Potatoes are harvested at peak times throughout the year. In temperate climates in early autumn and in subtropical winter climates the crop is harvested in early spring. In Mediterranean climates, there is one harvest late spring and one late autumn, two harvests per year associated with suitable temperature regimes. This is similar to the tropical highlands where the two harvest peaks are associated with one long or two short rainy seasons; with irrigation, the crop has harvest periods up to four times per year.
One single harvest period per year requires a longer storage period – if the crop is to be available throughout the year – than when two or more harvests take place. The harvest in any region of a crop does not take place within a few weeks but usually spans about one month. Where the growing season is long, over 140 days, with early harvests that accept a lower yield in favor of a higher price, the harvest period exceeds two months in regions like northern Europe.

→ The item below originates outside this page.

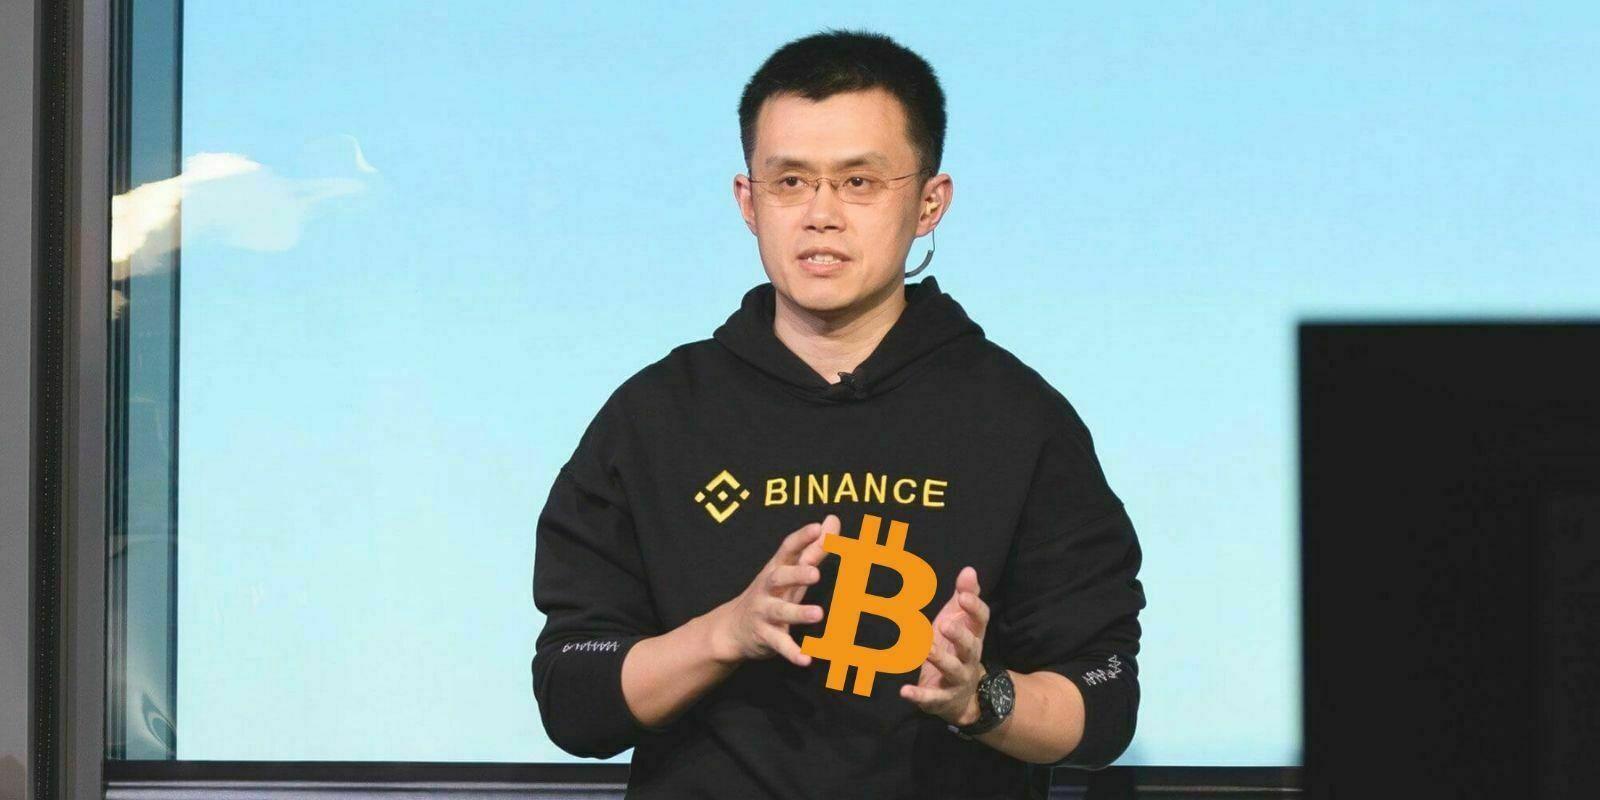 Avec $2,6 milliards, Changpeng Zhao est en tête de liste des 6 crypto-milliardaires
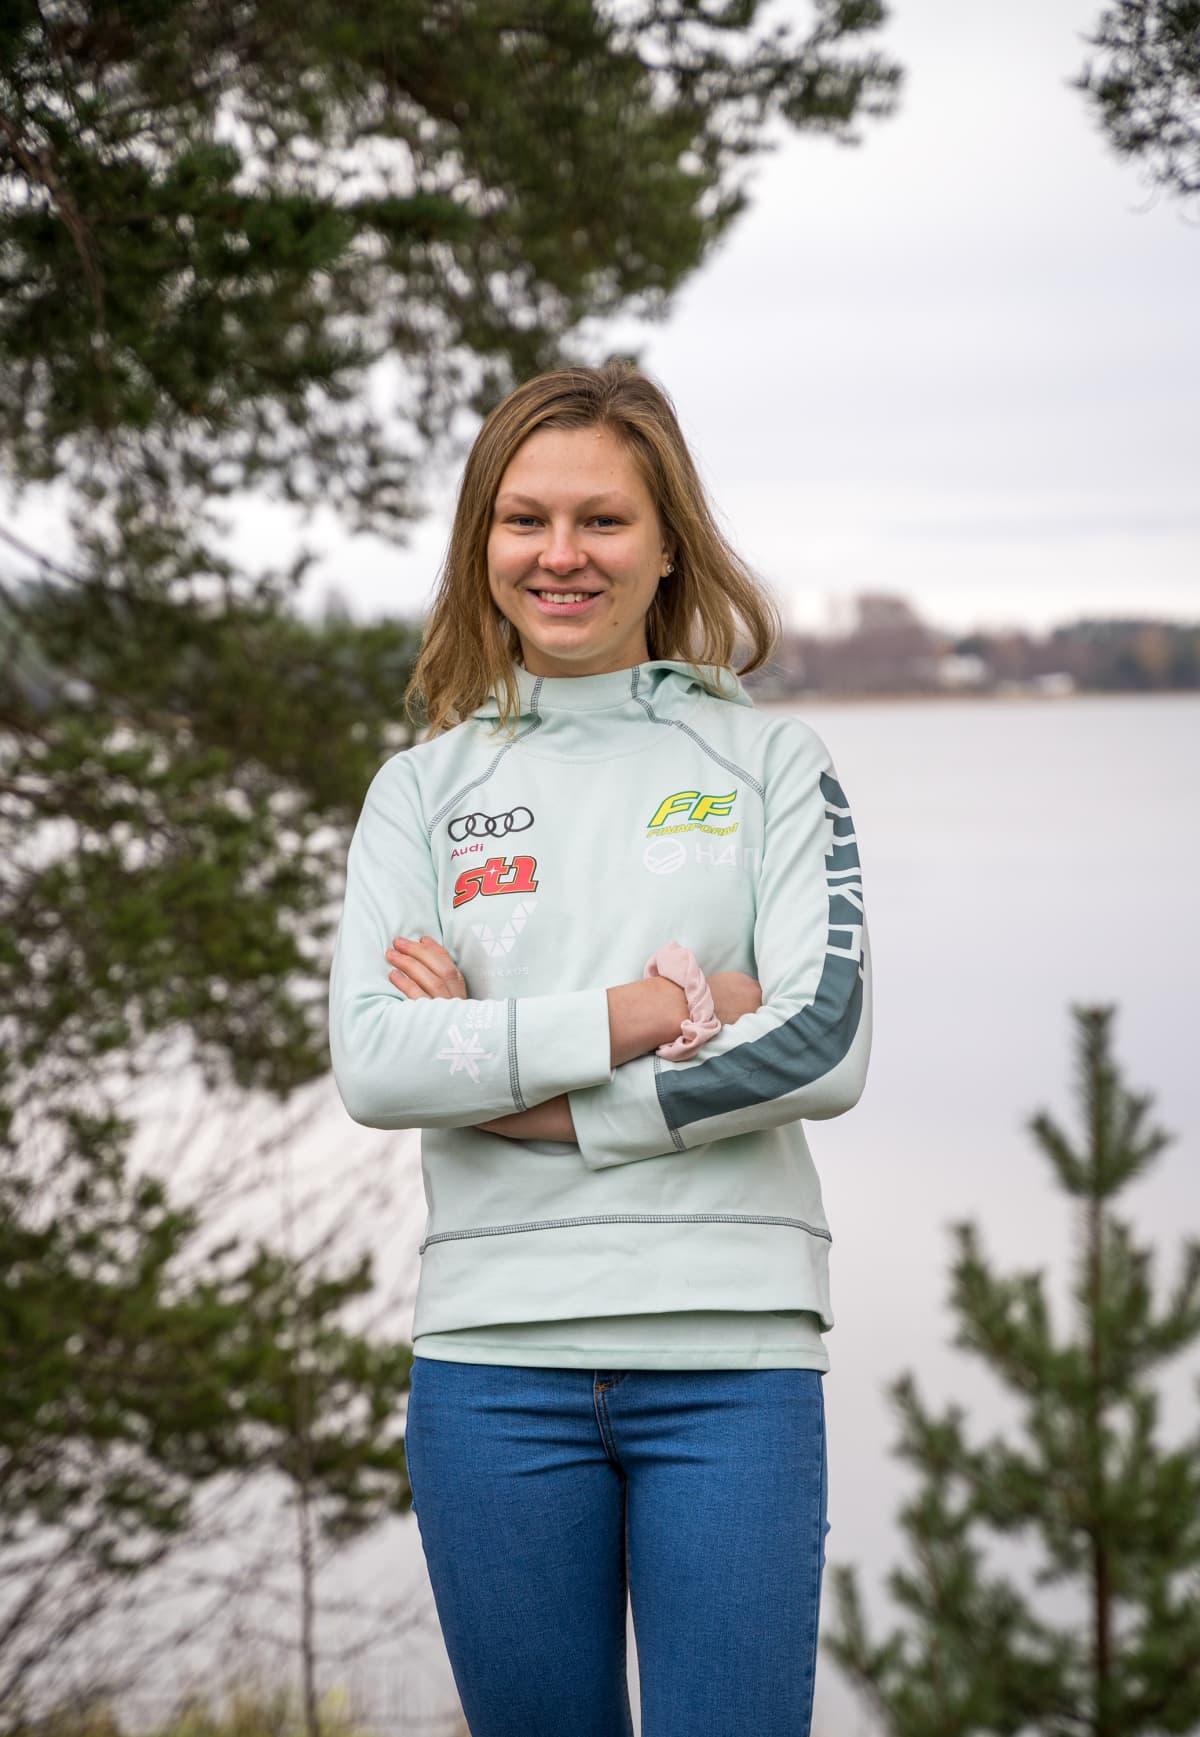 Eveliina Piippo kuvattuna ennen kauden 2020–2021 alkua. Kaudesta tuli hänelle toistaiseksi uran vaikein.

With a short growing season and rapidly deteriorating weather due to extremely high temperatures, such as in Gujarat, India, the harvest is carried out within a fortnight. At the South Island in New Zealand, winters are short and summers are mild, here growers have flexibility in planting and harvesting, resulting in a harvest period of over three months. A similar situation occurs in the southeast region of the Buenos Aires province in Argentina. At Sandveld in South Africa, North West of Cape Town, the near ocean tempers the temperature throughout the year, so growers cultivate and harvest throughout the year. Here and in tropical highlands, storage of potatoes is hardly practiced. Although potato prices fluctuate considerably throughout the year, the almost continuous availability of fresh tubers makes storage unprofitable. Storage in dedicated buildings is then too costly and is accompanied by loss of quality compared to that of freshly harvested tubers.